When I went to Ukraine in 2019, I was lucky enough to visit my grandfather’s village, Ivankivtsi, and then a few days later, some relatives who’d learned I’d been there–at the time no one could direct me to possible family members but the priest who came to show us the church said he’d tell the worshippers that Sunday and see if any of them knew of Kishkans–drove a great distance to meet with John, Angelica, and me in a hotel in the Carpathian Mountains where we tried to determine our relationship. They brought gifts of sparkling wine, chocolates, and a rushnyk I used to hold the bread for a meal when my children were here. I’ve kept in loose contact with one of them and she wrote yesterday to resume our joint project to determine how the branches on our particular family tree should be drawn. A niece in Quesnel has indicated an interest in learning more about our family and I’m hoping to meet a first cousin three times removed late next week (her great-grandmother was my dad’s half-sister); she has been working some of the same trails as me and we’ve been sharing our work.

In my forthcoming book, Blue Portugal and Other Essays, the title essay gathers together strands of my grandmother’s story, red threads, green leaves, and phrases of Moravian folk poetry woven into the music of Leoš Janáček. There are ways to make family history. Some use charts, databases, boxes with dates and relationships.
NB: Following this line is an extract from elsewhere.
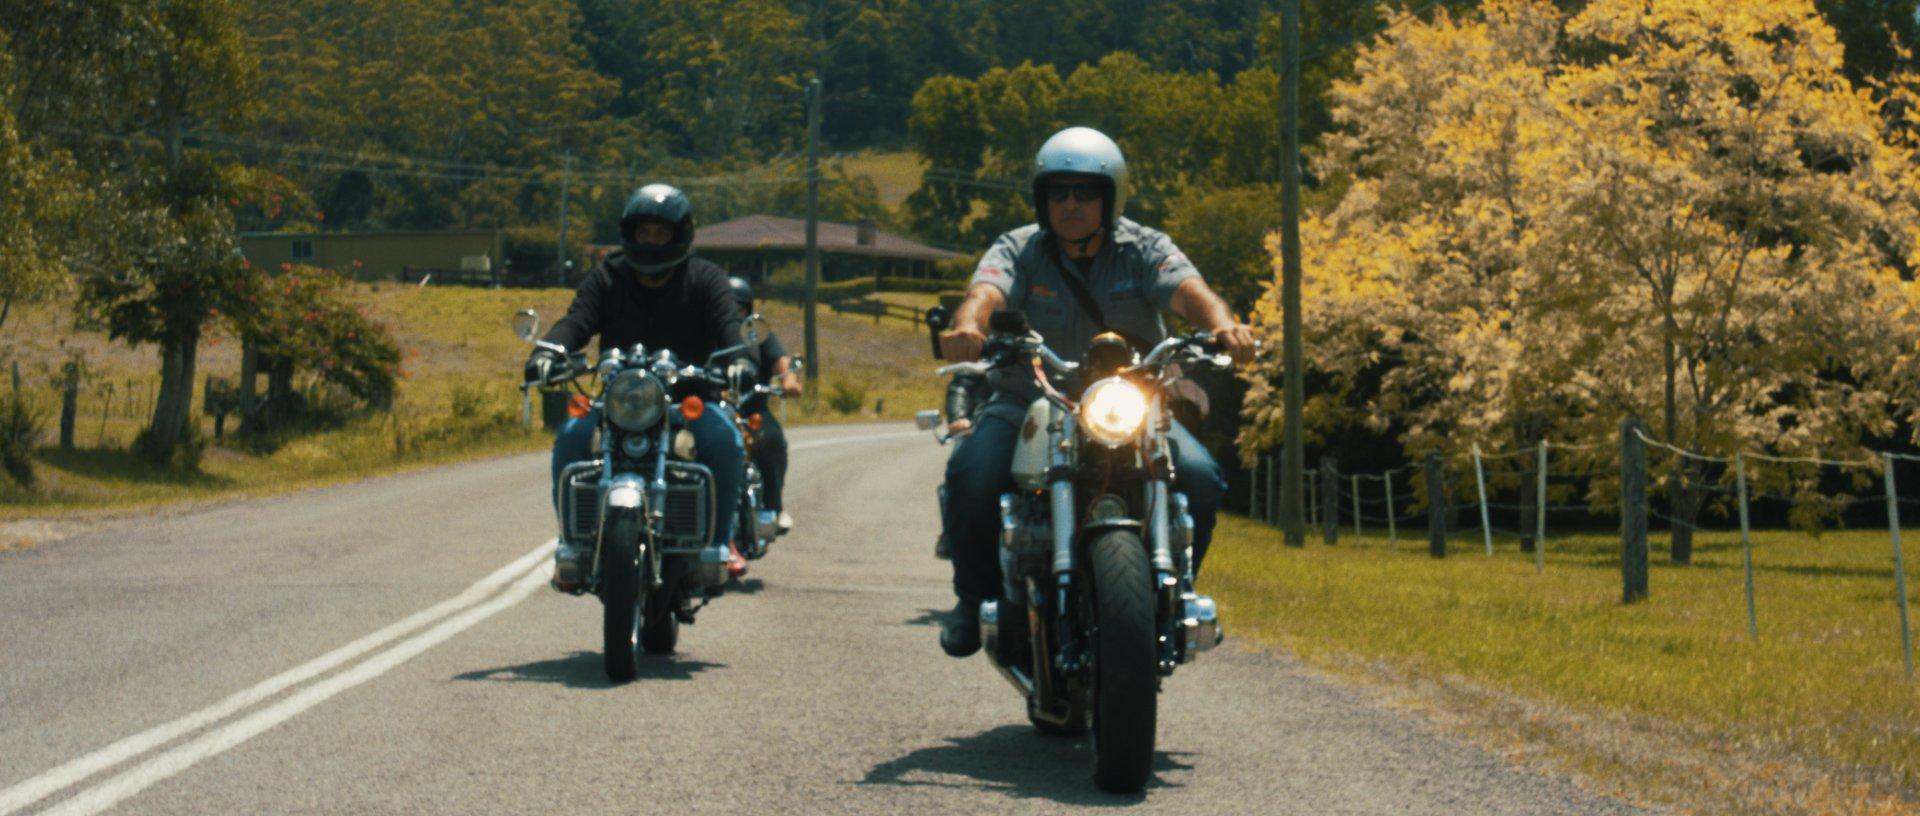 SDG moto bike documentary custom build

I use some of these too. But mostly I try to write the places and people into some sort of living text that will hold them, hold us, as tenderly as branches hold their leaves against the wind.

 

Our house has a garden at the front…

It has fruit trees, a hollow that could be a creek, a fence to keep animals close to the house. A pig? Some sheep? Perhaps a cow. My grandmother learned to make cheese before she came to Canada, fresh curds my father loved; she made butter to sell, and noodles golden with eggs from the chickens that ranged through the yard of the house in Drumheller, even entering the house for crumbs or the cool shade of mid-day in summers. Did she ever sing the songs I am listening to now, the folk poetry of her area, did she hum as she made cheese, did she dream of a true love coming from the mountains as she washed clothes in a big tub behind the house, within the sound of the Lomna River?

The river will flow away,
and nor is love here to stay,
it too will pass forever,
like a rosemary leaf it will wither.